Publishing Ethics and Malpractice Statement

Hereby the Journal of Mathematics and Computer Science declares,

Declaration of Authorship

The main belief for justification of the Journal of Mathematics and Computer Science is the following criteria should be fulfilled by all the authors:

  1. Contribution to the conception, proof, analysis, and/or interpretation of the submission.
  2. Participation in drafting the article and revising it critically for the important intellectual period.
  3. Approving the final version of the manuscript that is going to be published.
  4. Taking public responsibility for the work.
  5. Ensuring that they respond to any questions regarding the accuracy and integrity of the work.
  6. Should ensure that all authors provide retractions or corrections of mistakes.
  7. Should ensure that every manuscript submitted to the journal has been read and corrected for clarity, grammar and spelling by an English native speaker; this applies particularly to Author(s) whose first language is not English.

Conflicts of Interest

All authors, editors, members, and reviewers of the journal must disclose any conflicts of interest that may exist in their submissions.

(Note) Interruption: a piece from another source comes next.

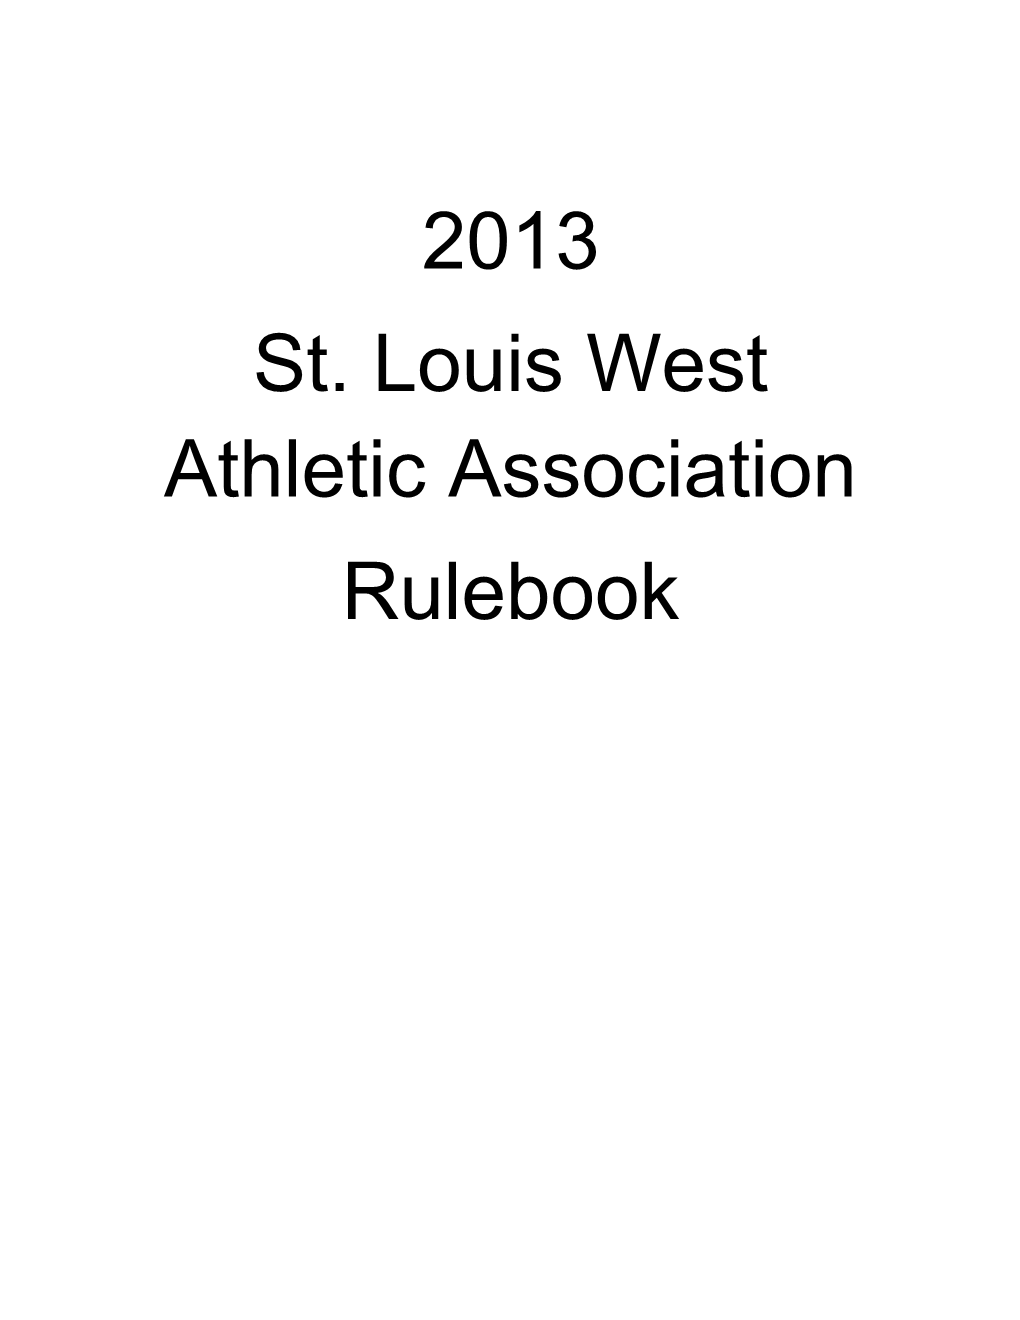 St. Louis West Athletic Association

Duplicate publication is the publication of nearly identical intellectual material or article in more than one journal without citing the source and without obtaining permission from the original copyright holder.

Any submission in this journal:

  1. Must be original and must not be co-published;
  2. Must not be under review by any other journal.

Note: The journal will not accept any paper that has additional differences such as:

 

  1. A new title or revised abstract;
  2. The same data set and results between the original and the second article.

Publishing ethics issues

Editor-in-Chief ensure the monitoring and safeguarding of the publishing ethics. Editor-in-Chief the strict policy on plagiarism and fraudulent data, the strong commitment to publish corrections, clarifications, retractions and apologies when needed, and the strict preclusion of business needs from compromising intellectual and ethical standards.

Whenever it is recognized that a published paper contains a significant inaccuracy, misleading statement or distorted report, it will be corrected promptly. If, after an appropriate investigation, an item proves to be fraudulent, it will be retracted. The retraction will be clearly identifiable to readers and indexing systems.